For each line below that holds the string "Damen", add one to a tally; report that tally alone.

Supplied material: Begin

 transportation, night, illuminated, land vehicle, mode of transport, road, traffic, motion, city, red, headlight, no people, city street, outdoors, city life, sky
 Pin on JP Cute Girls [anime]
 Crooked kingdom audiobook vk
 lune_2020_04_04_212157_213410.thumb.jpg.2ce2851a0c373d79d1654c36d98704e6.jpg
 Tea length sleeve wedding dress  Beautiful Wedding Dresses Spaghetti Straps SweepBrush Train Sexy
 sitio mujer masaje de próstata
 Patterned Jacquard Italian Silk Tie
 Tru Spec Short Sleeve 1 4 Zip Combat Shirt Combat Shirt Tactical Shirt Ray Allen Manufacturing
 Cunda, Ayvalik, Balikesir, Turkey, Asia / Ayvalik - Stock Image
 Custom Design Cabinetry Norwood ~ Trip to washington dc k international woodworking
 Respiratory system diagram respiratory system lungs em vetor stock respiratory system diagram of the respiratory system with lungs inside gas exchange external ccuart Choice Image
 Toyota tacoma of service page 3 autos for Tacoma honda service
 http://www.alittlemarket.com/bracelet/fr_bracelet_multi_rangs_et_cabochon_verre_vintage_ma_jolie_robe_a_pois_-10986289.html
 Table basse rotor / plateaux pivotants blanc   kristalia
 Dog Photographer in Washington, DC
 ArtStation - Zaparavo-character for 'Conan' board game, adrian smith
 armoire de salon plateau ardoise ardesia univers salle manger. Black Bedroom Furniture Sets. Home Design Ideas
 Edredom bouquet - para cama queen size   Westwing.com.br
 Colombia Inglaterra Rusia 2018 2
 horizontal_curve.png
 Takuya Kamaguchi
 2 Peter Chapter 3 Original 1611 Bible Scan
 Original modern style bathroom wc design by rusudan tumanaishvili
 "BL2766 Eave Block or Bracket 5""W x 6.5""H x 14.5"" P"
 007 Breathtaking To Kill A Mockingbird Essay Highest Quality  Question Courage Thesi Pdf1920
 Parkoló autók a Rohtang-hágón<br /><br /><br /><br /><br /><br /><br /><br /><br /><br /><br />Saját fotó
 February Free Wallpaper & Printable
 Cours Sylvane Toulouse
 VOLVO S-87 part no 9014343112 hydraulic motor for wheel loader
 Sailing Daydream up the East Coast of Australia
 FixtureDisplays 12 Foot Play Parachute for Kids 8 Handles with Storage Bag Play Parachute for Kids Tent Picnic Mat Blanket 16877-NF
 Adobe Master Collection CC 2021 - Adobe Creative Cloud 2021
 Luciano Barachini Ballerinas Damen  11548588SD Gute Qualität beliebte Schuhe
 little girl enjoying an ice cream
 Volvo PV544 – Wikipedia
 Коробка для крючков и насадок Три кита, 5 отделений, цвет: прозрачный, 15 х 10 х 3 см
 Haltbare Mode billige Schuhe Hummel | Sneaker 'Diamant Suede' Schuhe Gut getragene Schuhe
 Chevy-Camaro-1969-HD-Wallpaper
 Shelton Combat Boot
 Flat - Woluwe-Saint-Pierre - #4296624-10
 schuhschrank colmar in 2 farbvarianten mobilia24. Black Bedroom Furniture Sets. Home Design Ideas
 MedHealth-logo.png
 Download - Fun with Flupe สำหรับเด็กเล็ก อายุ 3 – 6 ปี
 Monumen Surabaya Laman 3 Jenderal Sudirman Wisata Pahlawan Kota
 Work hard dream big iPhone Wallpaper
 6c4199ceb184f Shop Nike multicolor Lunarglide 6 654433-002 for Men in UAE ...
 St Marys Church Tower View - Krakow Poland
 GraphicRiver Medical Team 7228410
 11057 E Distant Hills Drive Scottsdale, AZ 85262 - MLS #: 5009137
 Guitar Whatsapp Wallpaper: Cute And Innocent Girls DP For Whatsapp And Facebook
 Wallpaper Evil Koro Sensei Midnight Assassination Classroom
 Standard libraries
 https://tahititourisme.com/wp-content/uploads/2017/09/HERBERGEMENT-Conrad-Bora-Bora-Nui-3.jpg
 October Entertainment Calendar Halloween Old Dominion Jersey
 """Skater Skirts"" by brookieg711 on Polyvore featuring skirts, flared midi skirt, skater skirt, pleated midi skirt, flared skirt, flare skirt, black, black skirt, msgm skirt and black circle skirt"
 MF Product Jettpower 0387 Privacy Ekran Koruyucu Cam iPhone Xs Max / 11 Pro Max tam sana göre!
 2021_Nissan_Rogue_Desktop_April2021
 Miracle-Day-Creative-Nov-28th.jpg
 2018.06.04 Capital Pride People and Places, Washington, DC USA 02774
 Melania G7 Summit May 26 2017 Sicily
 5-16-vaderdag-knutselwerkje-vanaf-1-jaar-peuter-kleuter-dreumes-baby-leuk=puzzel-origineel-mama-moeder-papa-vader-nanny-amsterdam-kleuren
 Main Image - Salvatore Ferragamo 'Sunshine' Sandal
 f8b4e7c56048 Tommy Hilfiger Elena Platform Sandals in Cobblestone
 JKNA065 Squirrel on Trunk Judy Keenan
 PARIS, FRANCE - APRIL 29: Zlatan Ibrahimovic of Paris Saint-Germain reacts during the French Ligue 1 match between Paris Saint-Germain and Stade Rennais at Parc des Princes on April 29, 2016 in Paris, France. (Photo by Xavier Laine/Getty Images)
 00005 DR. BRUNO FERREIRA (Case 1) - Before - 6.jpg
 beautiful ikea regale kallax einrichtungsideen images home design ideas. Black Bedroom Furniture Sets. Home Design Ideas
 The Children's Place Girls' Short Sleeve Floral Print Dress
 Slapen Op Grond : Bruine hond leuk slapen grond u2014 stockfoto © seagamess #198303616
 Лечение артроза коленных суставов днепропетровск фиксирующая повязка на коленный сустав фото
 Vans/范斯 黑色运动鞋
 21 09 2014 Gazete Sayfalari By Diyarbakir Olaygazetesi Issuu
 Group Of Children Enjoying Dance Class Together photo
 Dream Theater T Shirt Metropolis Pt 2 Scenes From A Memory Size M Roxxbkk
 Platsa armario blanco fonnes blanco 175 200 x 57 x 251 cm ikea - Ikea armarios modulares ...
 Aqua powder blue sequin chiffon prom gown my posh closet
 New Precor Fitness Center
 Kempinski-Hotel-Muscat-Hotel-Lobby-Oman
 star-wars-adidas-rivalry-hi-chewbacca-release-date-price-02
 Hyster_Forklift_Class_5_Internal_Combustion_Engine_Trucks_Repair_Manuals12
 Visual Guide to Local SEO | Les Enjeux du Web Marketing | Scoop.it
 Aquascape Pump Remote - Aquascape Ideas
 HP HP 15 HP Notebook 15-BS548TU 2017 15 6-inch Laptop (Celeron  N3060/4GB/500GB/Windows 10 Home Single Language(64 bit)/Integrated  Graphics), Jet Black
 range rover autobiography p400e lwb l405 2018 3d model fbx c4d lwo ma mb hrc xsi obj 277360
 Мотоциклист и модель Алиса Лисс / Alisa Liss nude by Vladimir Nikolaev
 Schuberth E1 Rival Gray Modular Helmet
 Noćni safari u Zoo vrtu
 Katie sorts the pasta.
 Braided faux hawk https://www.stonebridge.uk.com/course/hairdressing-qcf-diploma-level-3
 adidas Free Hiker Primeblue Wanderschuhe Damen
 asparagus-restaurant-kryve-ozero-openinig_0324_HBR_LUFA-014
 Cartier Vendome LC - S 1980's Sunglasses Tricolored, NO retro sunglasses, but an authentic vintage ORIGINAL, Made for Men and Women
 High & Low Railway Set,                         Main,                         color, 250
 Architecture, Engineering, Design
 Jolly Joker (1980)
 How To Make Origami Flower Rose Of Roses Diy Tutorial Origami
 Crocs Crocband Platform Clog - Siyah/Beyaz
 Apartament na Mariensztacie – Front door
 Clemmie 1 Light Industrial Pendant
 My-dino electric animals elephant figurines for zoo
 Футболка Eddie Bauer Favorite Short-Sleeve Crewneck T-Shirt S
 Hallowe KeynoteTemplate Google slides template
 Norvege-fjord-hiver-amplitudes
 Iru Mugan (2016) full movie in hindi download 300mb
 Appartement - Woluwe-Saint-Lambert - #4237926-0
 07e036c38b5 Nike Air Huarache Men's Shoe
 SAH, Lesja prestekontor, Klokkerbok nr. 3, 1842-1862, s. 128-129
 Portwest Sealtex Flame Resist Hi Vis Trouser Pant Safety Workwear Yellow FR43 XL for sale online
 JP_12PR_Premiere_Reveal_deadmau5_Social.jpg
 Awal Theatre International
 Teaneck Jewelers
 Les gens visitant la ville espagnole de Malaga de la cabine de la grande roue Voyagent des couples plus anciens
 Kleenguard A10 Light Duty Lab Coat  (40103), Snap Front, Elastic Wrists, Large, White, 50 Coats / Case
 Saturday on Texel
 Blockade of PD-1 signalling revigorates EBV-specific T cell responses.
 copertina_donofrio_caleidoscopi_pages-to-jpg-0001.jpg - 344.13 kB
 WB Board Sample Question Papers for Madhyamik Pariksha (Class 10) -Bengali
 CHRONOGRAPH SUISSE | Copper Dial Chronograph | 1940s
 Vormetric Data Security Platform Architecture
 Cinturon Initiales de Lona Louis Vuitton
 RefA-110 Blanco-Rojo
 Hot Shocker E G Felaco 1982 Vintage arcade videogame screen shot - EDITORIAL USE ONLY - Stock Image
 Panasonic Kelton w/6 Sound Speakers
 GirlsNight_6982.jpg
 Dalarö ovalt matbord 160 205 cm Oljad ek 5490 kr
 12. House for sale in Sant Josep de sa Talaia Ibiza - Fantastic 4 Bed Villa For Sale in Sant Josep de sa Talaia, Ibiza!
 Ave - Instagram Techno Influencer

Supplied material: End

Exercise result: 2